Training Protocols

April 7, 2024

The correct way to train a model often involves several standard protocols.

Dataset

A standard dataset is often divided into three parts:

  • Training set: This is the part of the dataset that will be used in training to optimize the model's trainable parameters. This usually accounts for the majority of the total dataset.
  • Test set: This is the part of the dataset that is used to evaluate the performance of the model.
  • Validation set: This is the part of the dataset that is used to determine the best hyperparameters, such as the learning rate.
Training

Training is usually divided into epochs. Each epoch represents a full run-through of all the training samples or batches.

Usually, as the number of epochs increases, the training loss will go down at a steady rate. However, the validation loss will reach a minimum and then start increasing due to overfitting.

![[Pasted image 20241101121807.png]]

One way to prevent this is through early stopping. It is a technique that finds the optimal point to halt the training process, which is the point where validation loss begins to increase.

Patience is a hyperparameter that determines how many epochs the model should continue training after the validation loss stops decreasing. This should be determined through trial and error with the validation set.

Fine tuning

Fine tuning refers to the process of adapting a pre-trained model for a downstream task. The upstream task is the task that the model was originally trained for.

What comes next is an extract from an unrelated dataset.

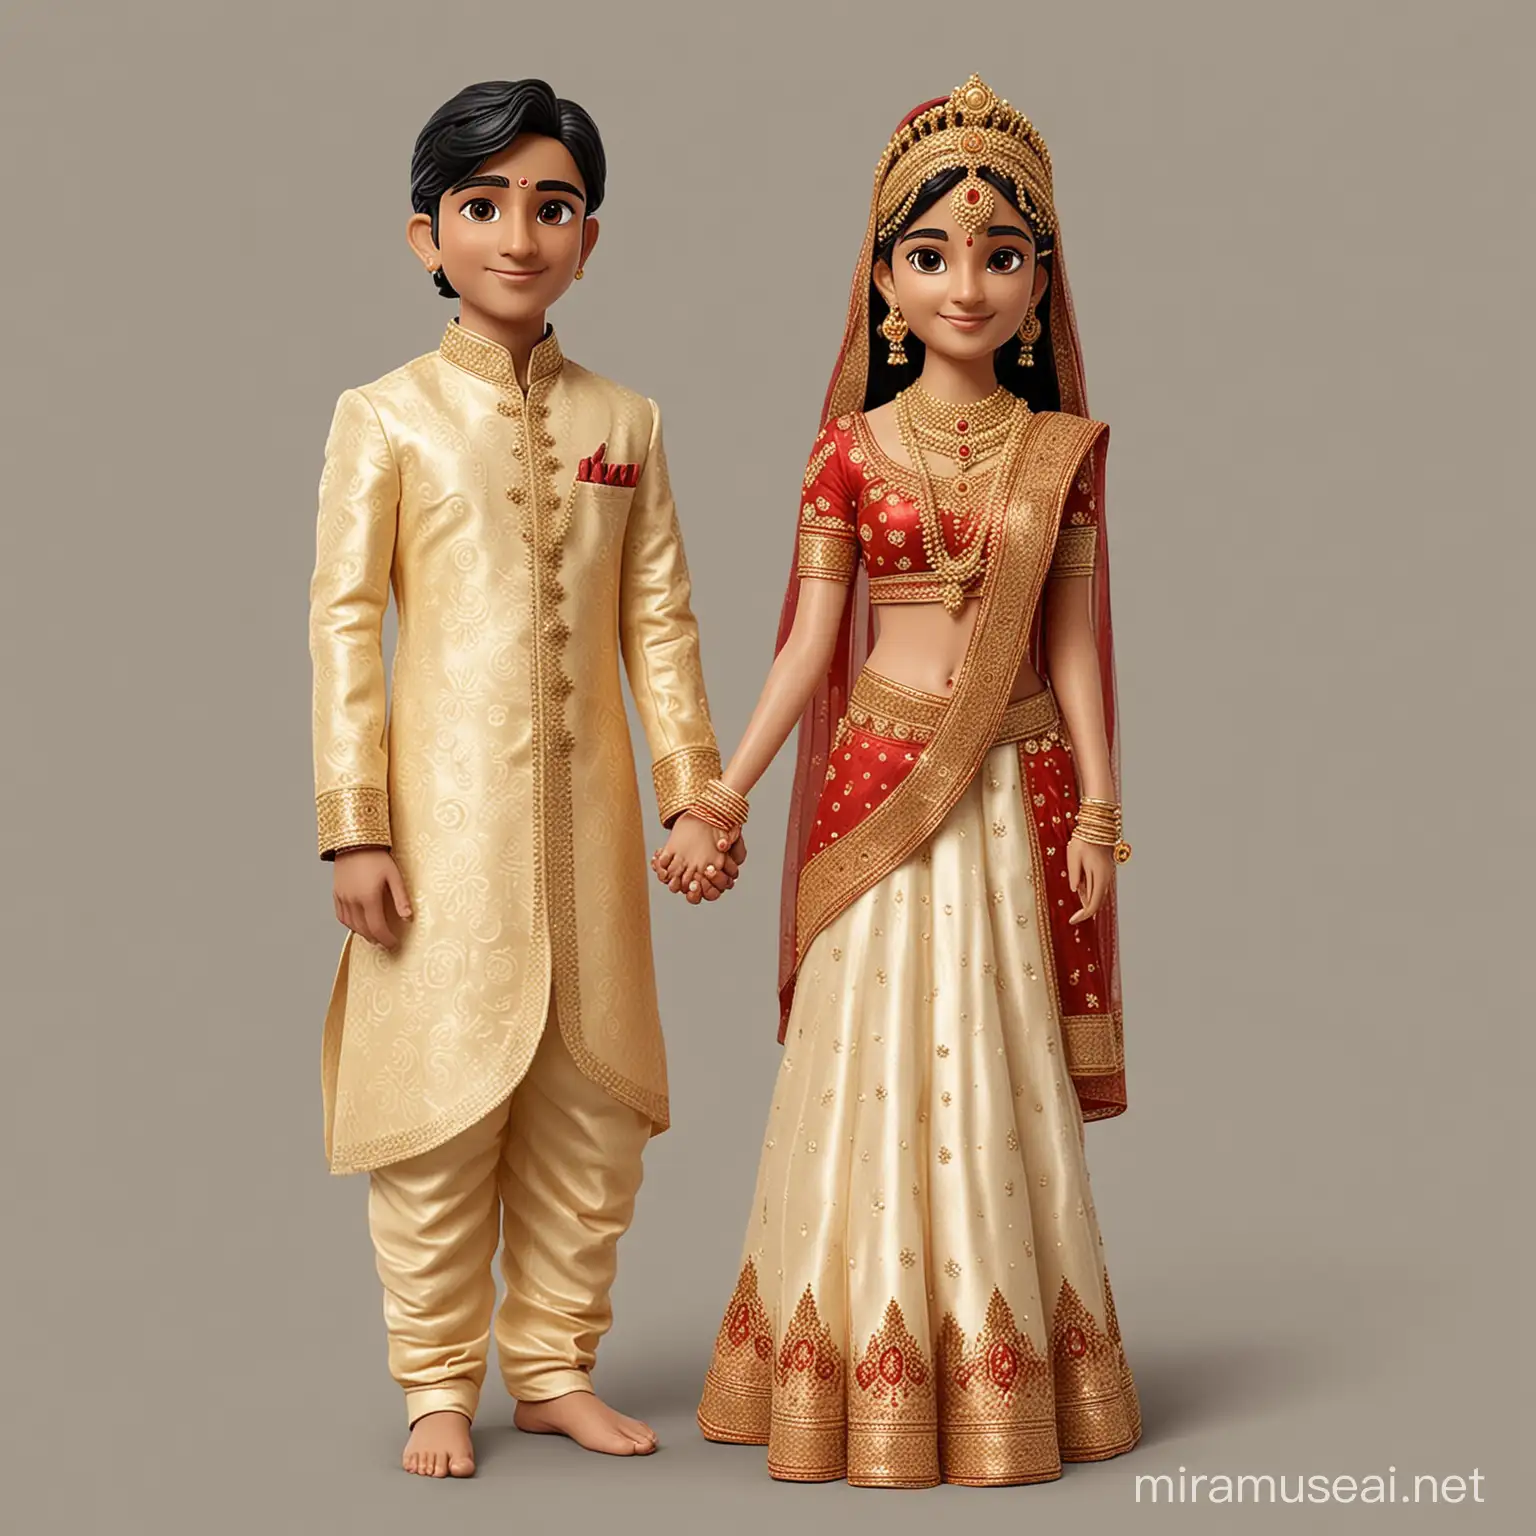 Radiant Indian Bride and Groom in Traditional Gold Attire Holding Hands

Fine tuning is commonly used for two reasons:

  • The amount of data for the downstream task is very limited. If the downstream task shows similarities with an upstream task with more abundant data, then fine tuning is an appropriate choice.
    • One example of this would be fine-tuning neural machine translation models for low-resource languages.
  • To limit training costs by reusing patterns already encoded into an existing model.

Fine-tuning is now especially prevalent with LLMs and foundational models.